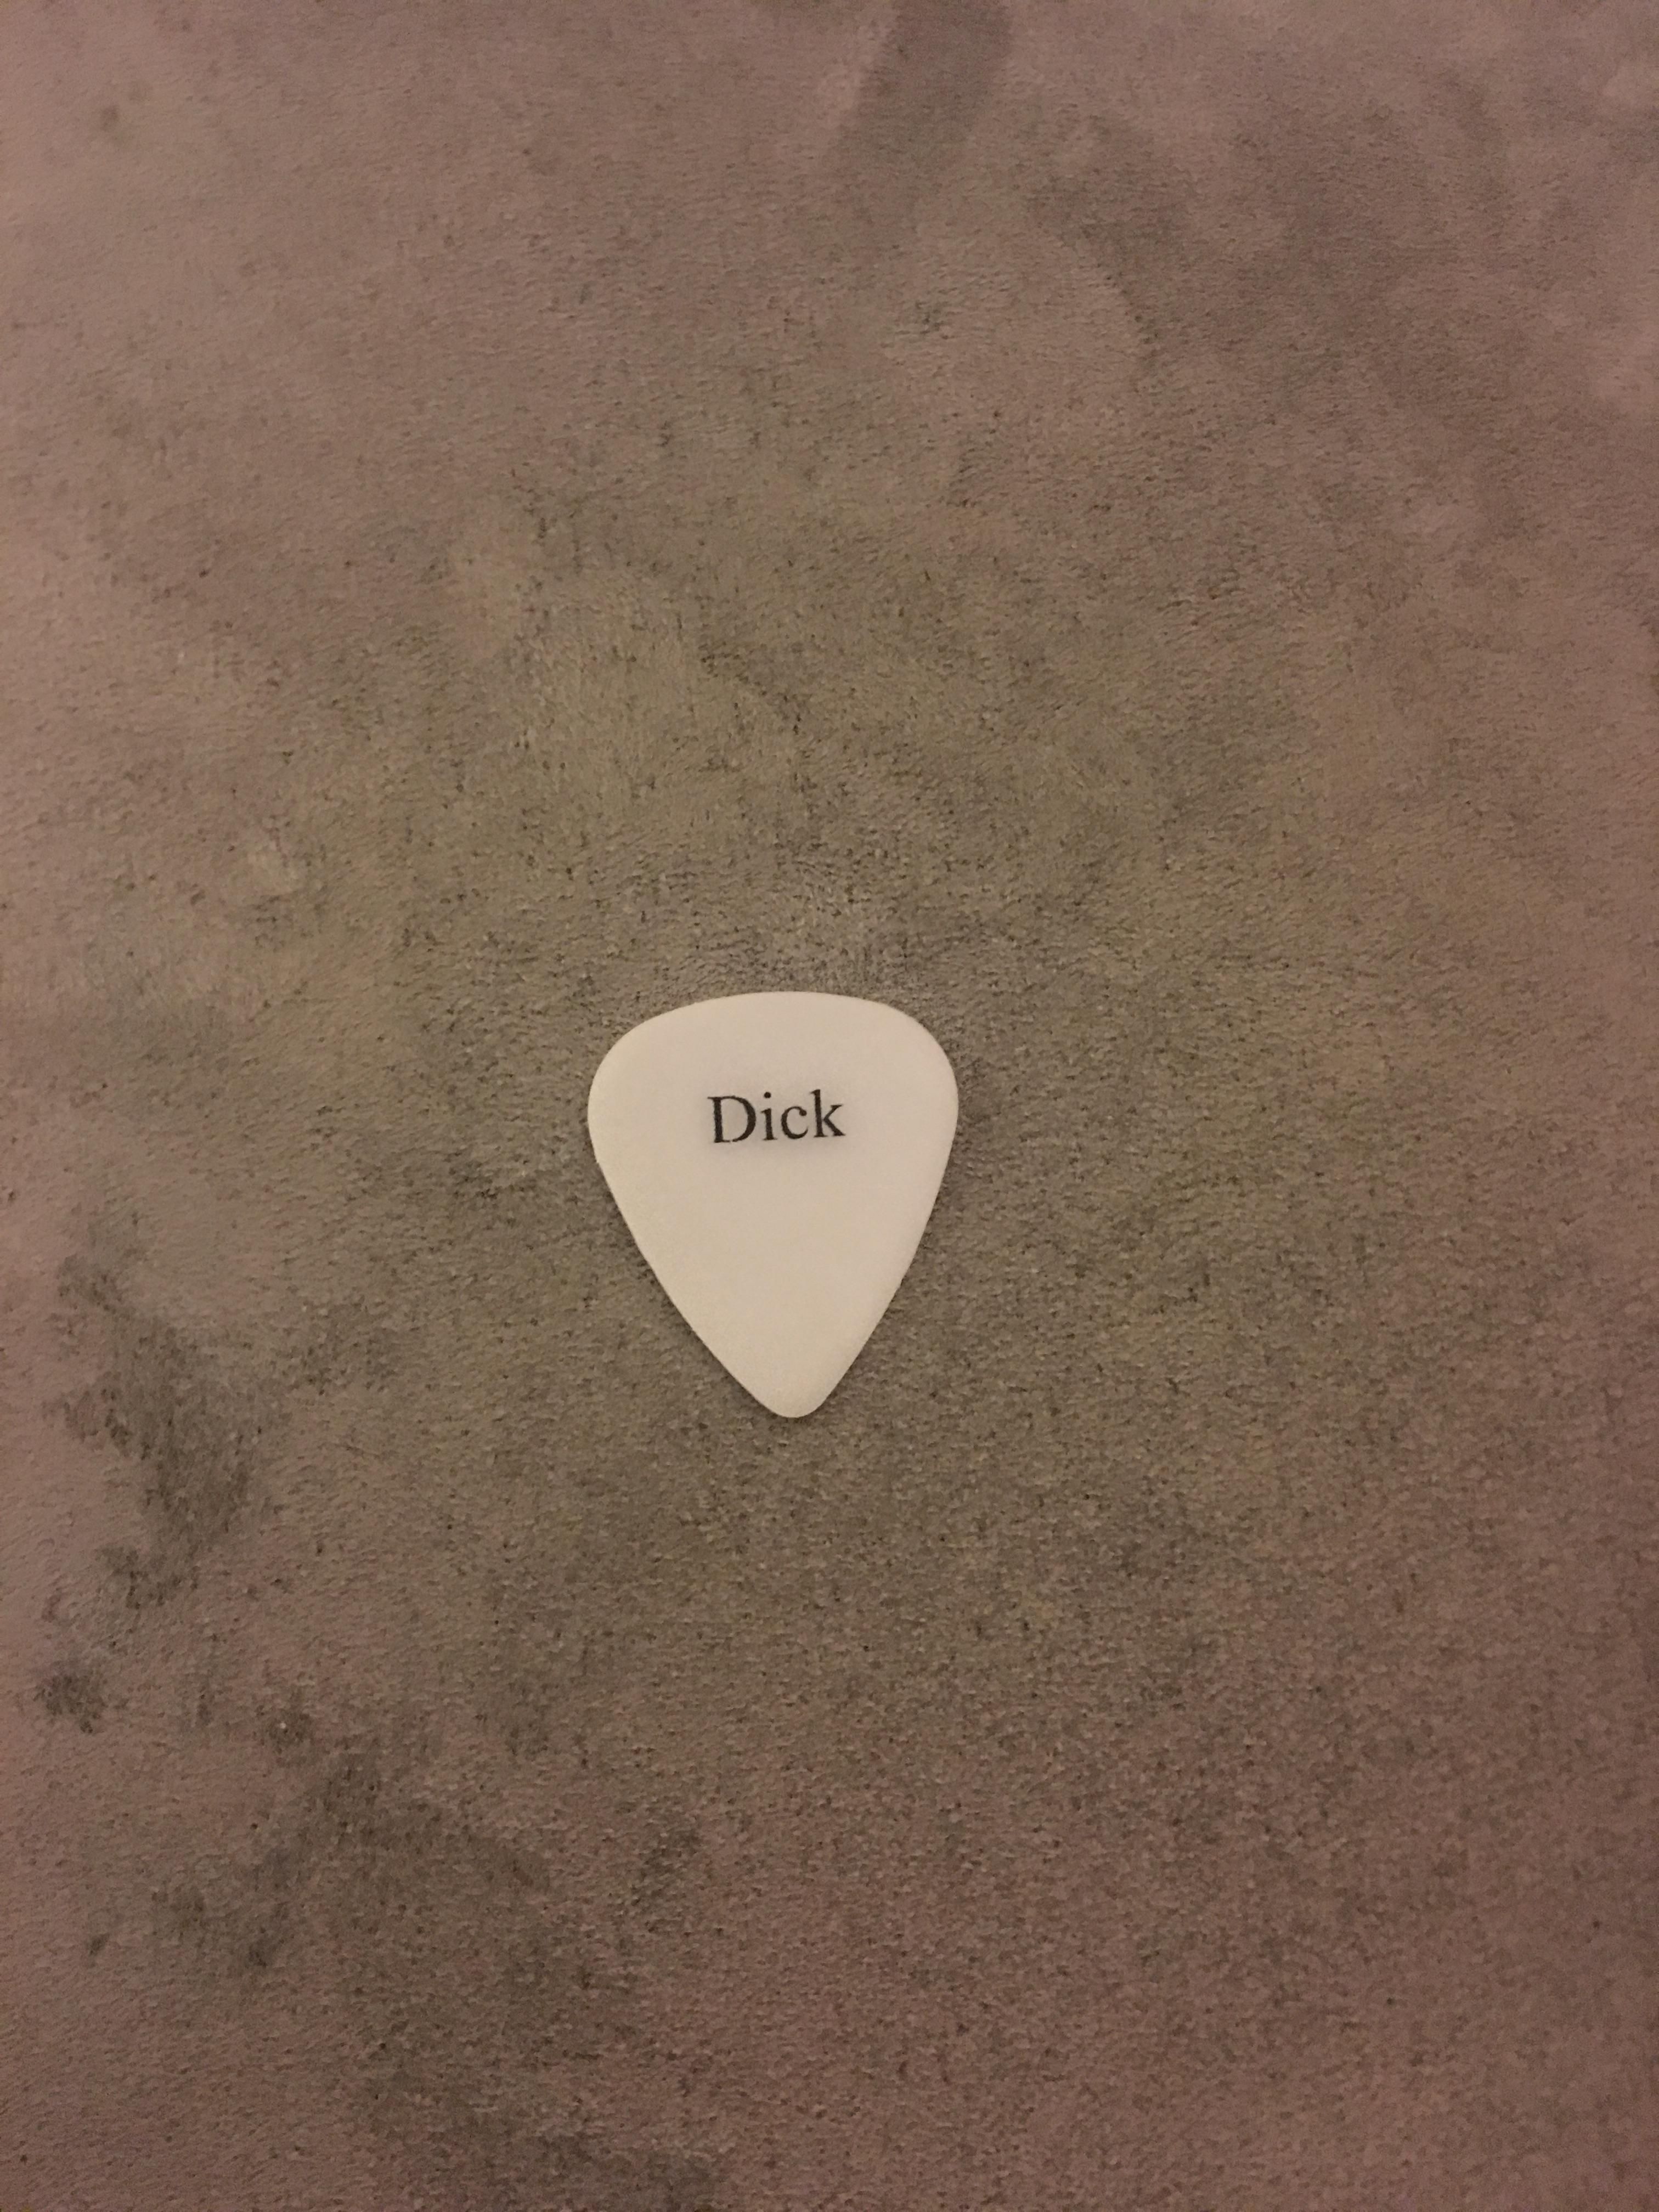 My friends dad gives out dick picks to anyone that wants them
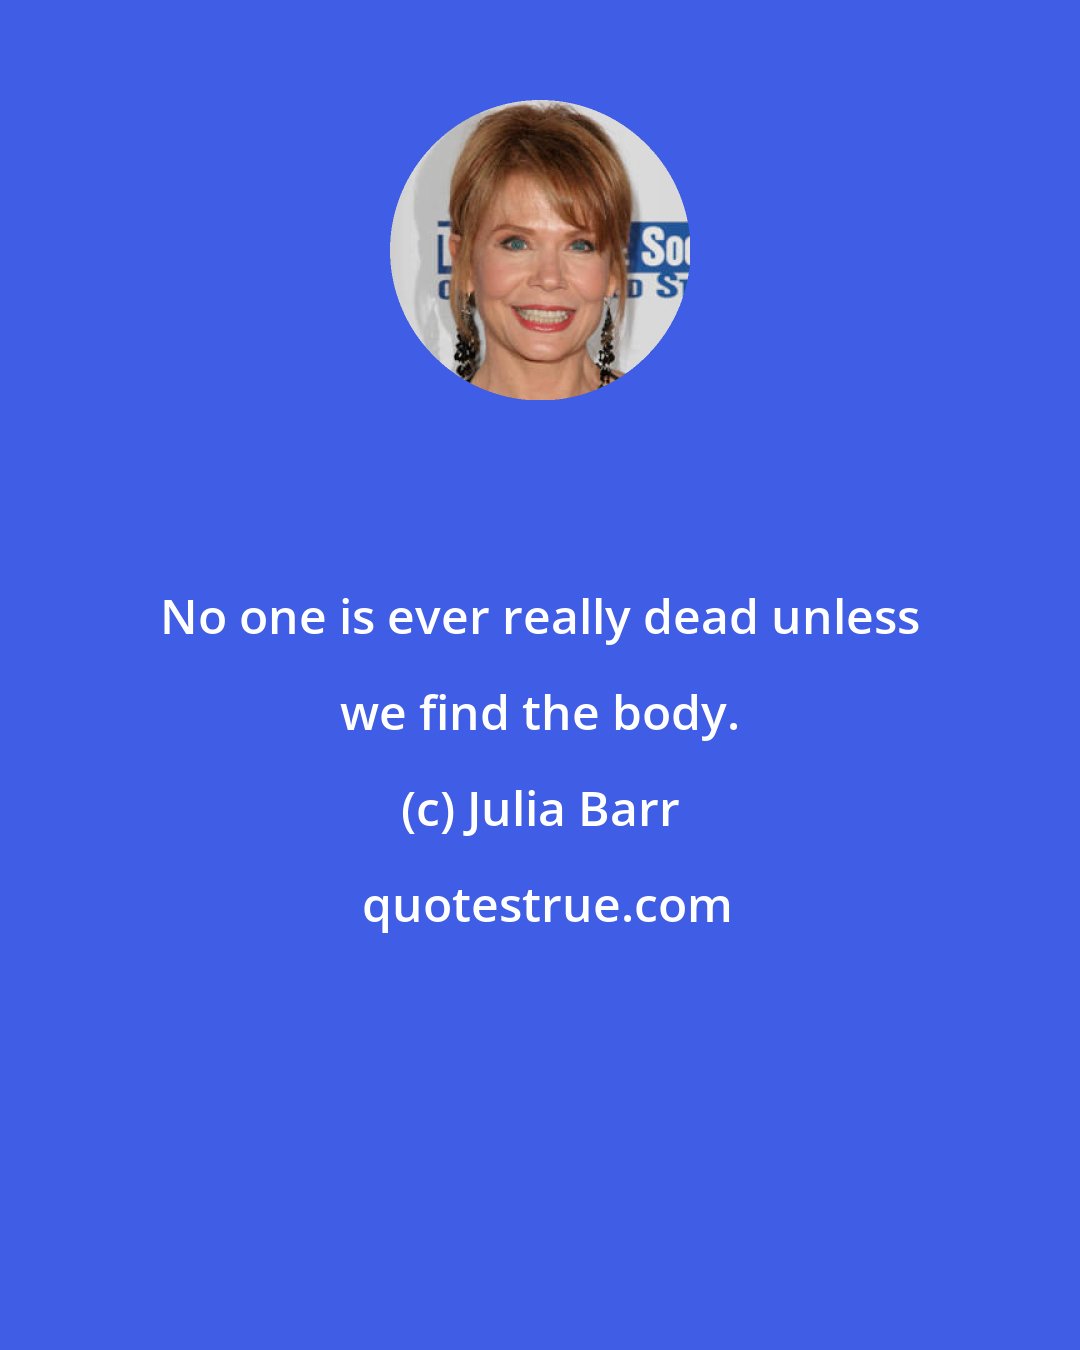 Julia Barr: No one is ever really dead unless we find the body.
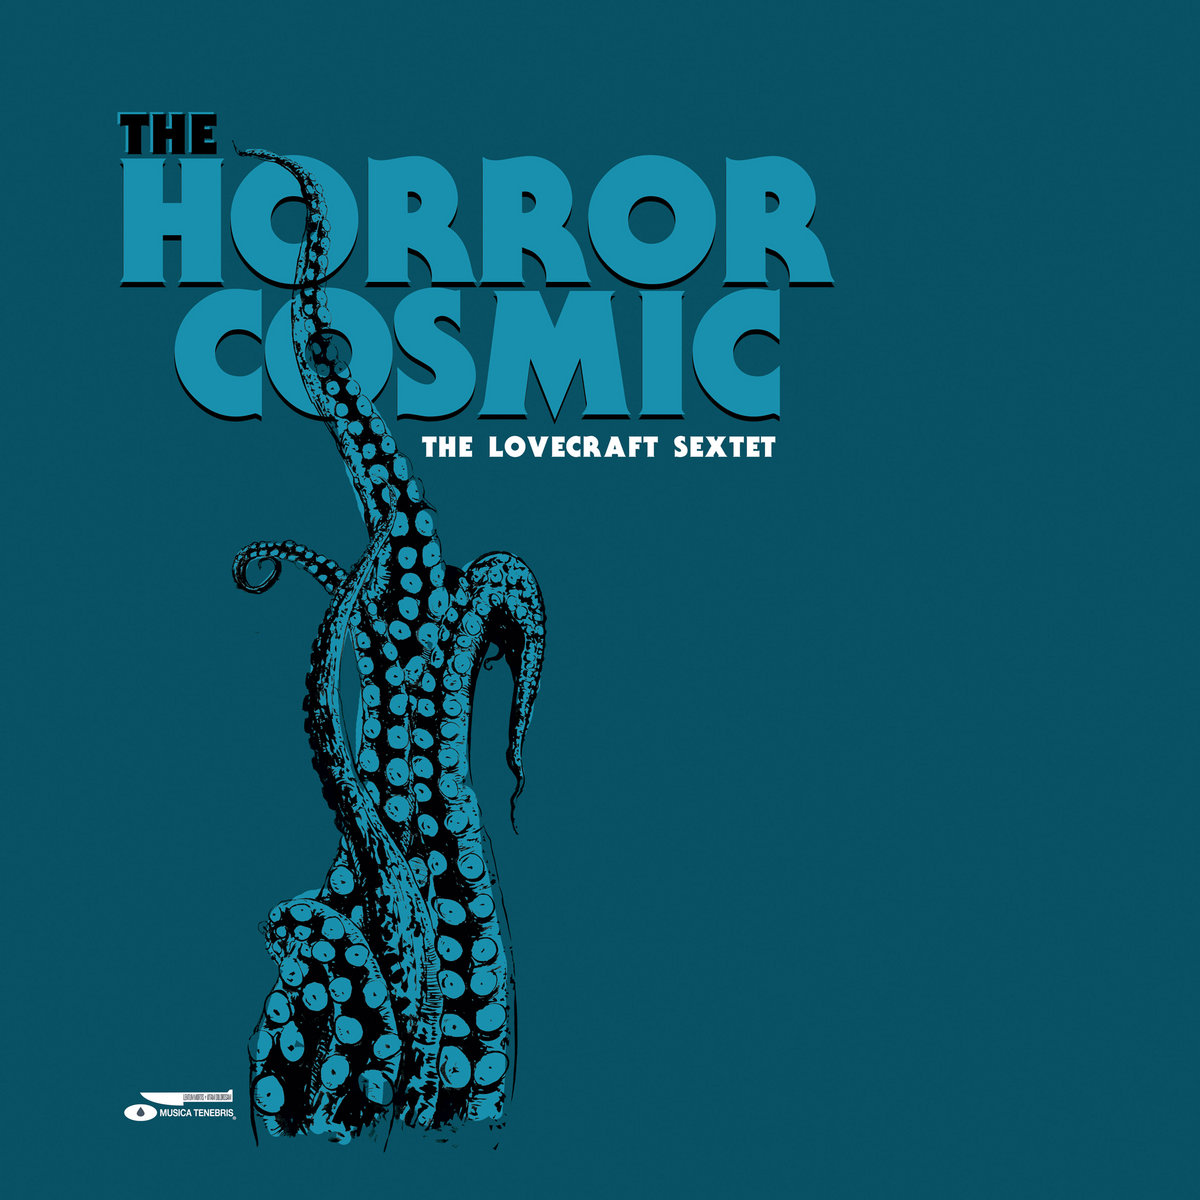 The Lovecraft Sextet cover

TASK TO COMPLETE:
Once the pictures are dropped, repeat the data above exactly.

YOUR RESPONSE:
 My friends dad gives out dick picks to anyone that wants them
 Julia Barr: No one is ever really dead unless we find the body.
 The Lovecraft Sextet cover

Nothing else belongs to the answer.